Page 1 of 1

Projevt 17118 on 4090

Posted: Mon Oct 30, 2023 4:52 am
by PaulTV
Hola,

Last night I got a job for project 17118 on my 4090, which is probably by mistake. It was ready in only 6 minutes or so, and got me just 18k points. This project is probably meant for smaller GPUs.

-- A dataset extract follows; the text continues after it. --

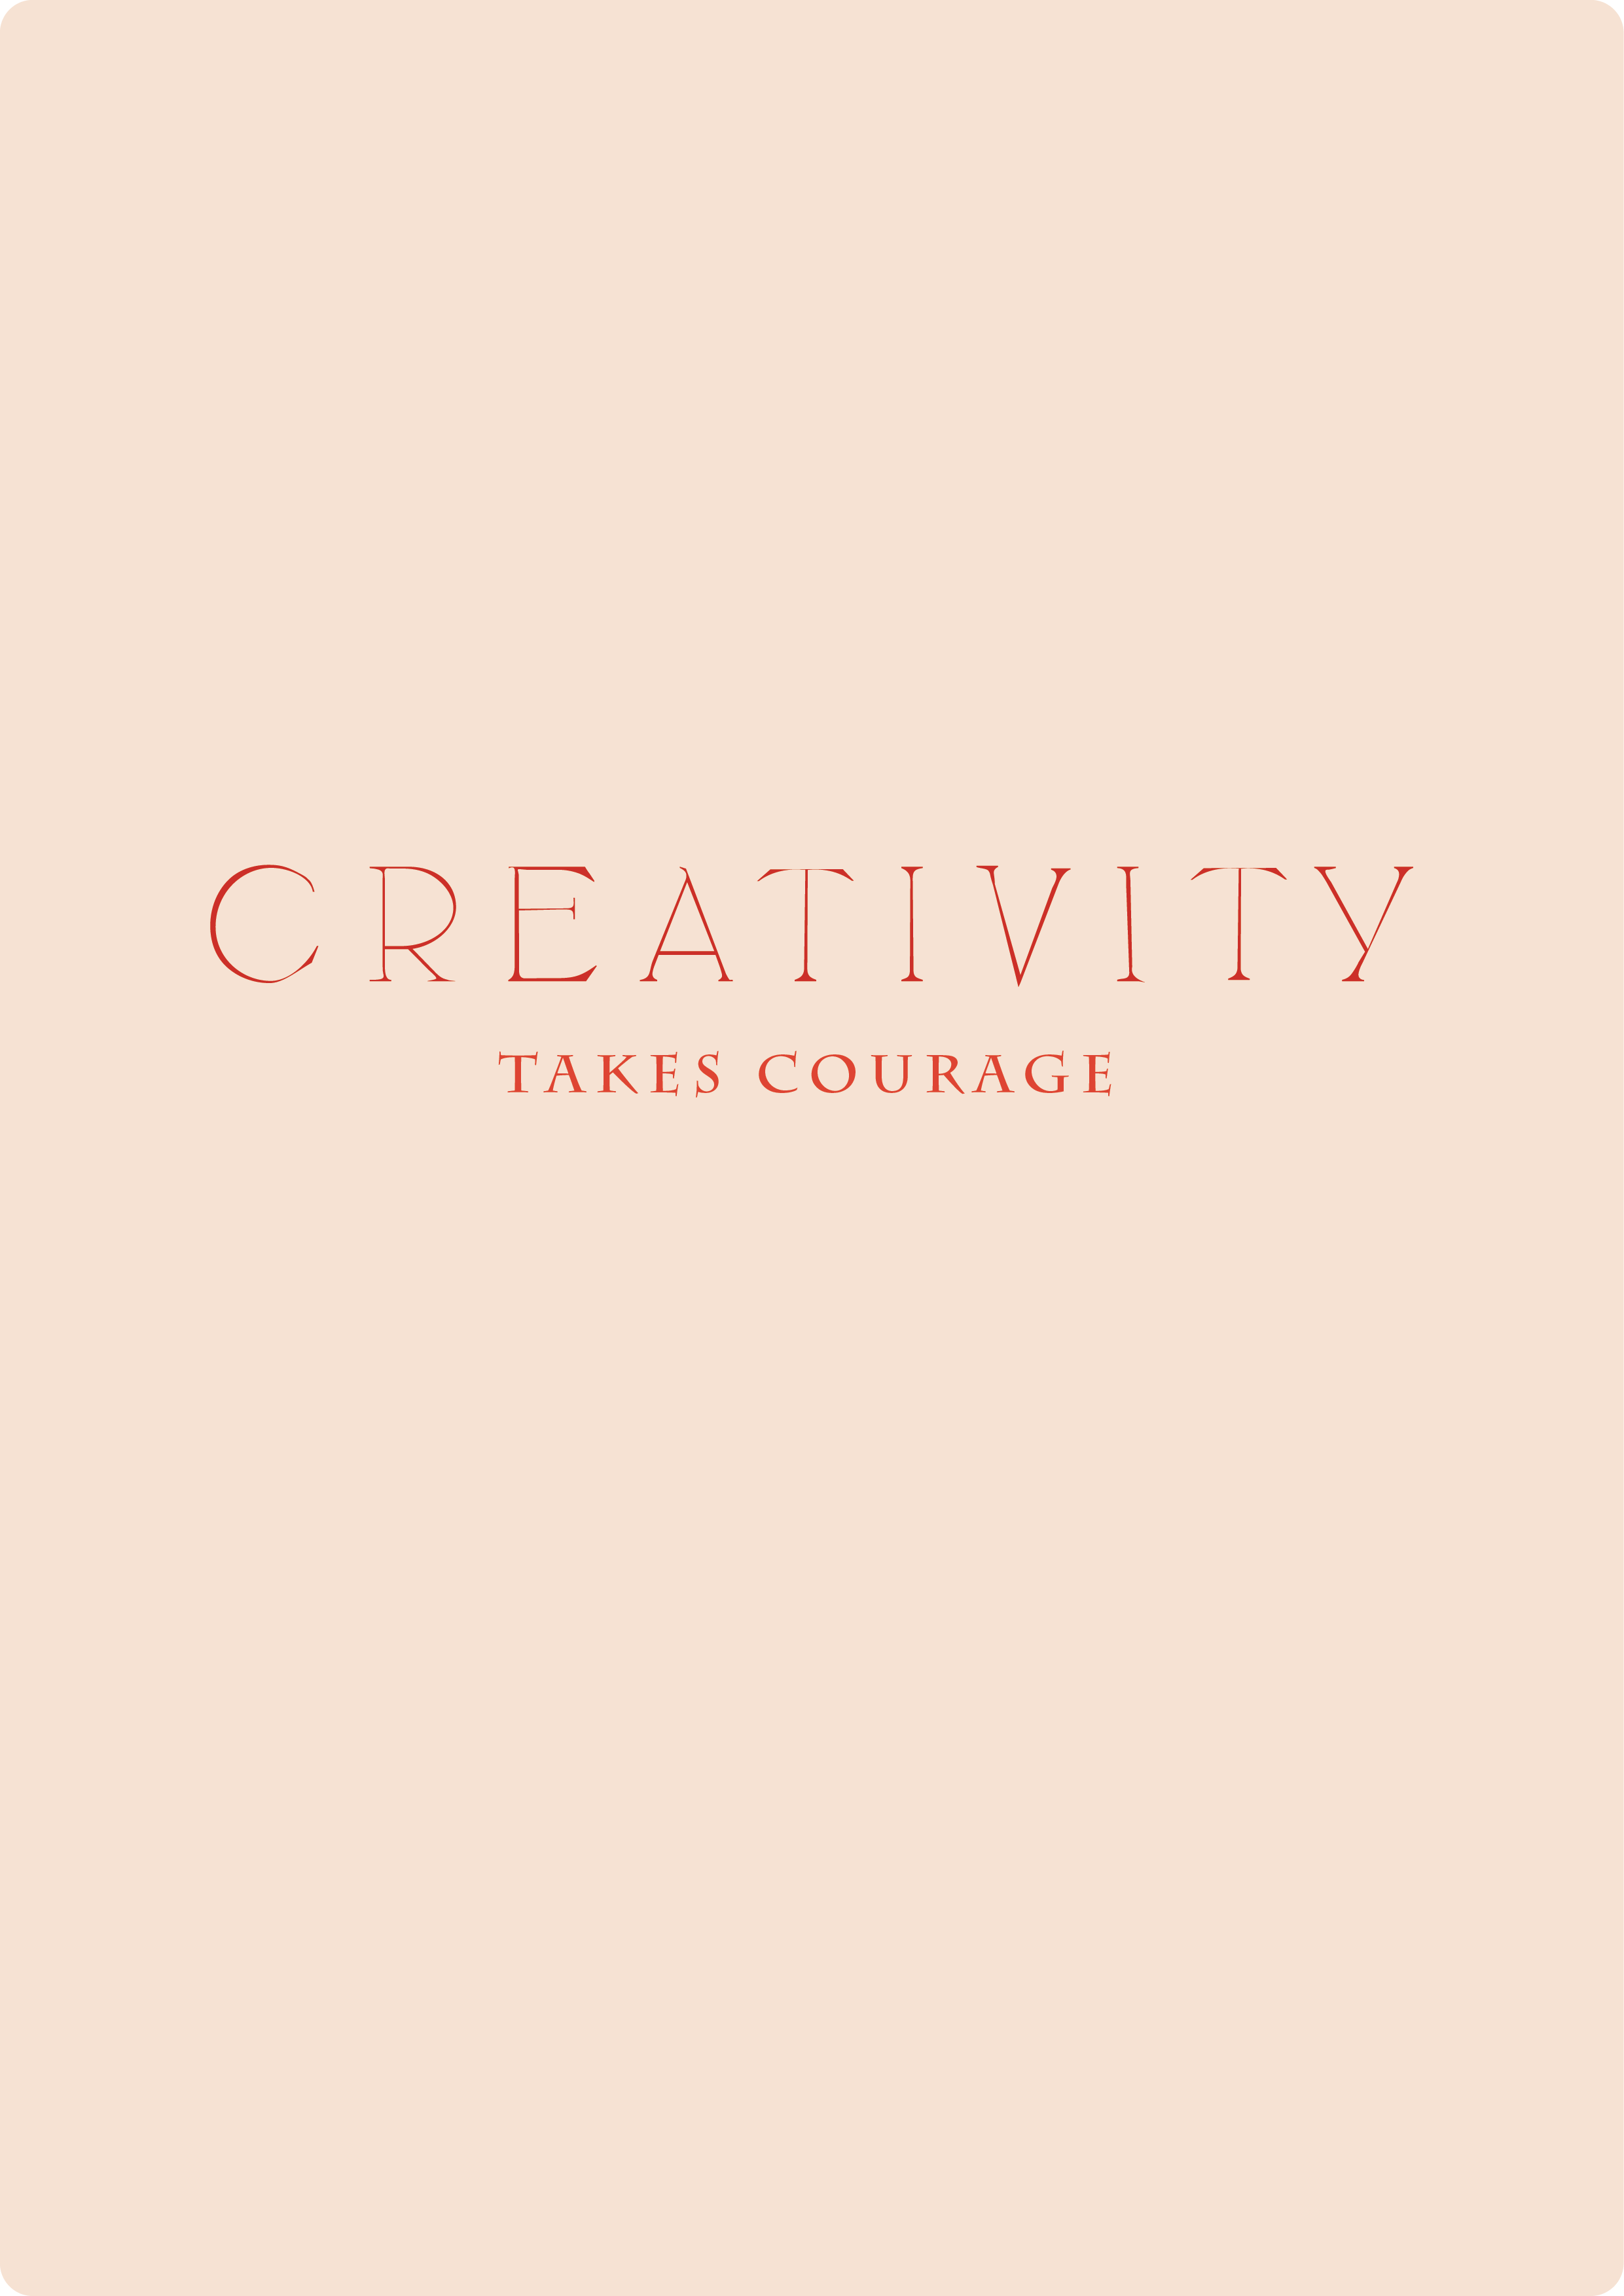 creativity takes courage // phylleli design blog and studio

https://apps.foldingathome.org/wu#proje ... =338&gen=0

Cheers,
Paul

Re: Projevt 17118 on 4090

Posted: Mon Oct 30, 2023 2:43 pm
by pyrocyborg
This is a very fast benchmark, I think. Happens sometimes.

Re: Projevt 17118 on 4090

Posted: Mon Oct 30, 2023 3:38 pm
by Joe_H
pyrocyborg wrote: Mon Oct 30, 2023 2:43 pm This is a very fast benchmark, I think. Happens sometimes.
Exactly. There are a few benchmarking projects to check performance on various GPUs. In this case the description was copy / pasted from a previous project for Core_22, but is testing Core_23.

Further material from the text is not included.